Yes, I know that's only one loss and we are still 2-1 lead, but I'm not so confident now. Because of the way we played in 4th qtr, How could our shooting percetage suddenly dropped so much. The game wasn't in our tempo, neither was Game #2. Both #2 and #3 played in Mavs' way, fast paced and high scoring. That's not a good sign.


----------



## Gasol (Apr 26, 2005)

I'm not only worried,but also think that Dallas will win the series.


----------



## rocketeer (Oct 7, 2002)

i'm worried about sura deciding to take crazy layups instead of passing the ball to yao for easy scores. it happened twice where sura drove and threw up shots that had no chance to go in(and once was right near the end that sealed the win for dallas) instead of making an easy pass to yao.

if sura and the other guards would just let yao get position, there is no one on the mavs that can stop him. why is tmac the only guy that will drive and then dump it down to yao? that play always works for an easy 2 or open 3, but tmac is the only guy that will make the pass.

yao could have been just as good in game 3 as he was in game 2. the rockets just need to get him the ball when he's in position because he has been getting good position, he just doesn't get the ball most of the time.


----------



## WhoRocks (Feb 24, 2005)

I'm apprehensive, but then again I was the same 2-0 up heading home. However you have to look at things in perspective and if we were offered 2-1 after 3 games before the series began and even after game 1 I'm pretty certain everyone would have accepted it.
Game 4 is crucial now. I'll begin to fear the worst if we lose again; I'm not sure why the players underperform at home but they just need to keep their minds on the game, a court is a court is a court wherever they are. Game 4 should hopefully be a Yao game, and if we do win, my late late prediction is the Rockets in 6.


----------



## sherwin (Mar 21, 2005)

im annoyed because our home court has proven to be not much of an advantage at all, thus diminishing the value of those 2 road wins.

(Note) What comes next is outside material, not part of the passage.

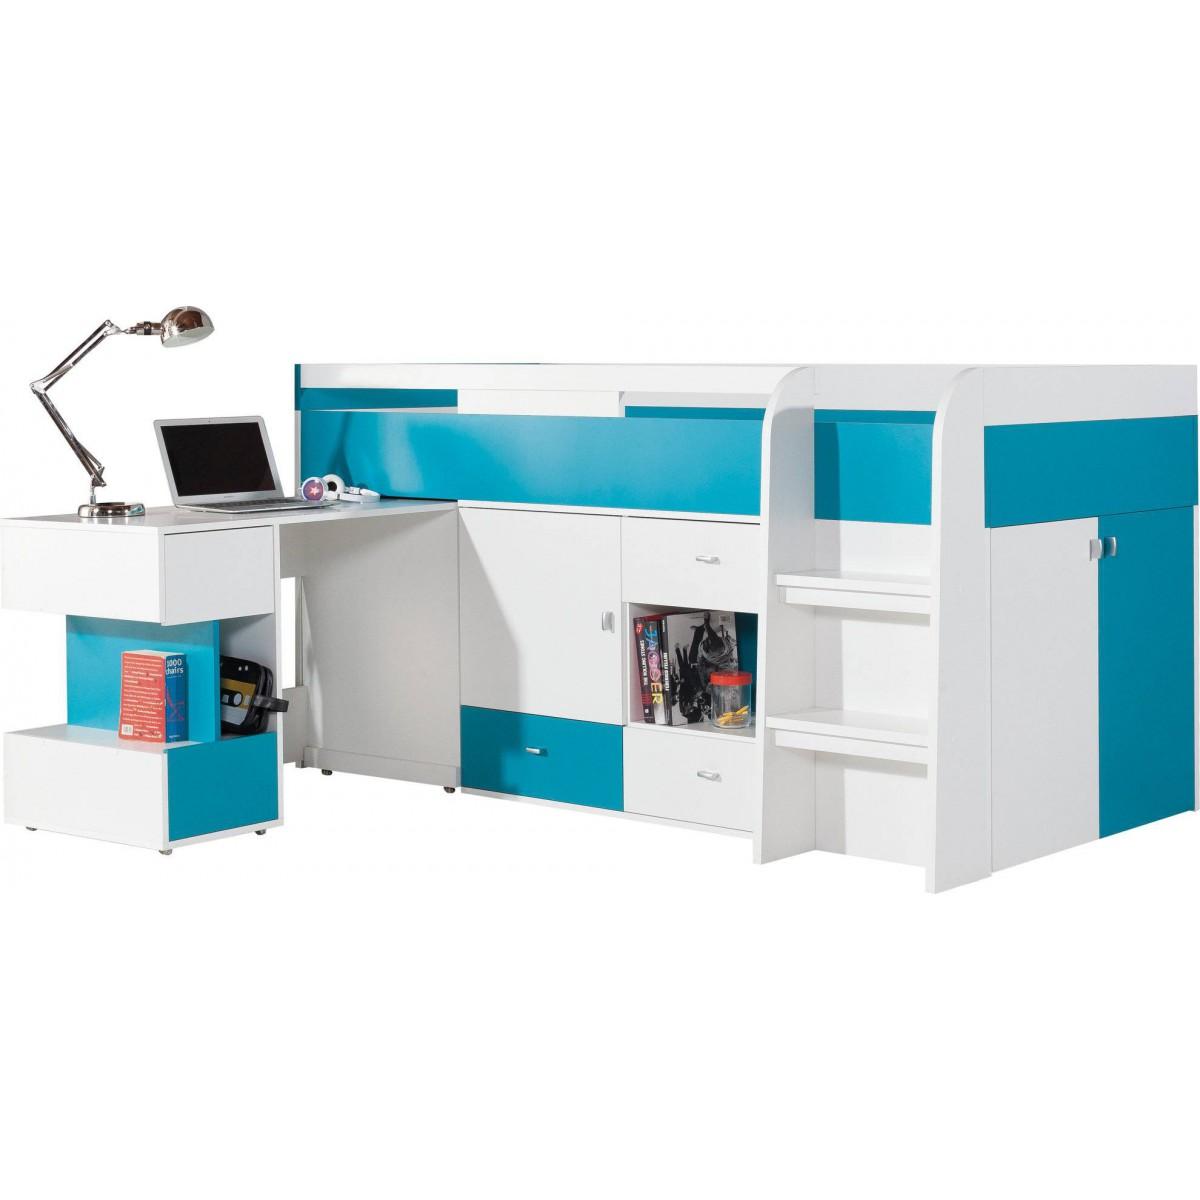 Mobi MO21 łóżko piętrowe z biurkiem

im also annoyed that we went back to ignoring Yao in the post

im concerned that Tmac wasnt as aggressive to the basket, and when he did, he often times didnt finish.

im also worried because Avery Johnson appeared more relaxed at times, and he may have gotten some outside consultation maybe from Don Nelson. and that dirk is back. and that they are playing real dallas ball.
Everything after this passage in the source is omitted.